When in 1922 she took him home to her family it was just as well she asked him to wait at the railway station, because they made it clear to her they didn’t want a Bolshie carpenter with a German name for a son-in-law. Her response to this was to marry the Bolshie carpenter. On the morning of her wedding, she sent her family a one-word telegram, ‘GOING’. That afternoon she followed it with another, ‘GONE’.
She claimed it was pure coincidence that they got married within sight of the Female Factory, where Mary, her great-grandmother, had been interned, and which was now the Parramatta lunatic asylum. ‘During the ceremony,’ said Elsie, ‘I remember the wailing from the imbeciles’ yard. I said to your father, “God, I hope this isn’t a bad omen!”’
They moved into a room overlooking the surf at Bondi, and she began to teach Latin and French, almost losing her first job when her headmistress found a copy of The Socialist in her locker. She was accused of ‘bending young minds’. Her students at this school so loved and admired her that every year until her death, they held a dinner in her honour – and often in her absence: she had long lost confidence in herself.
She lost it perhaps because, as she wrote in her letter of resignation, there were ‘domestic considerations’. That meant that she and Claude were coming apart.

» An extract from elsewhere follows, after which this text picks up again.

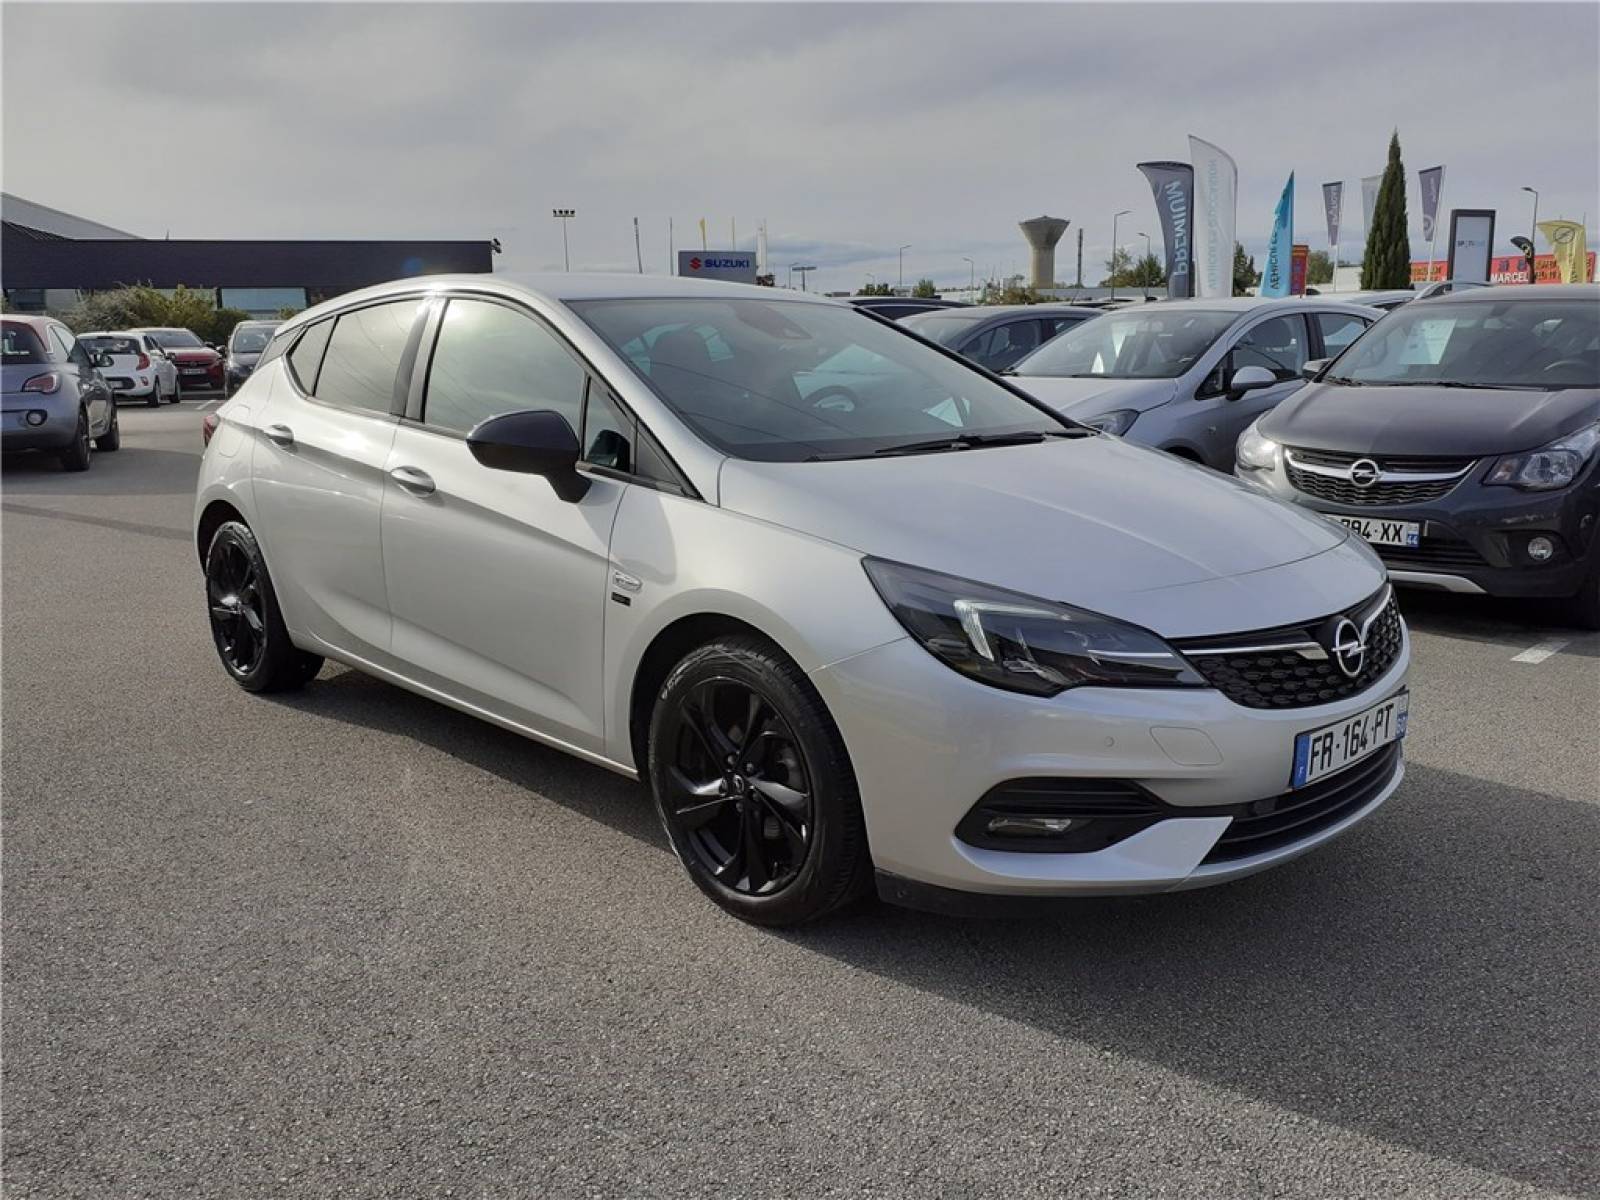 OPEL Astra 1.2 Turbo 130 ch BVM6 - véhicule d'occasion - Groupe Guillet - Opel Magicauto - Chalon-sur-Saône - 71380 - Saint-Marcel - 4

I cannot remember when it happened; there was shouting in the night and she seemed to grieve constantly; and I resented her tears. It doesn’t matter who was to ‘blame’. In truth, neither was. She made her demands, and he found another.
Suddenly, she changed her life. She went to work in factories, on assembly lines making fake leather handbags and model aeroplanes; she cherished many friends there and her rumbustiousness returned from time to time. Claude now had a government job driving in the Outback; and he relished those dawn mornings when he would strap a canvas water bag to the front bumper of his Vauxhall Velox and head west, where his freedom was.
In 1962, on the wharf at Circular Quay, she told me she knew I was ‘going for good’. Something happened then. In her sixties, with little more than her state pension, she set off around the world. She would disappear from view occasionally, turning up once in the Solomon Islands. In London, she stayed in my eight foot by six foot garret in Old Compton Street, Soho, where I would find her on the doorstep laughing with the prostitutes from the club next door. ‘Do you know my son very well?’ she would ask them as I approached.
And when we went to Paris that weekend she distinguished herself by ordering, in her fluent Aussie French, a brute of a taxi driver to open the door for her; and he did. When a stroke took most of her language, she continued to speak in French, as sometimes happens with stroke victims who are bilingual. Our discussions on the beach, joke-telling and family bitching included, were now conducted in fractured French, with slabs of Latin. Nil illegitimi carborundum!
She and Claude had not seen each other for thirty years, though they had spoken once on the phone, accidentally. That last day on the beach I told her he had died. She stared out at the Heads, then said, ‘Well, he was getting on . . .’ The next morning she watched me put on a dark suit and tie and go off to his funeral; she waved from the balcony. Something made me turn back, and I found her on the floor of the kitchen.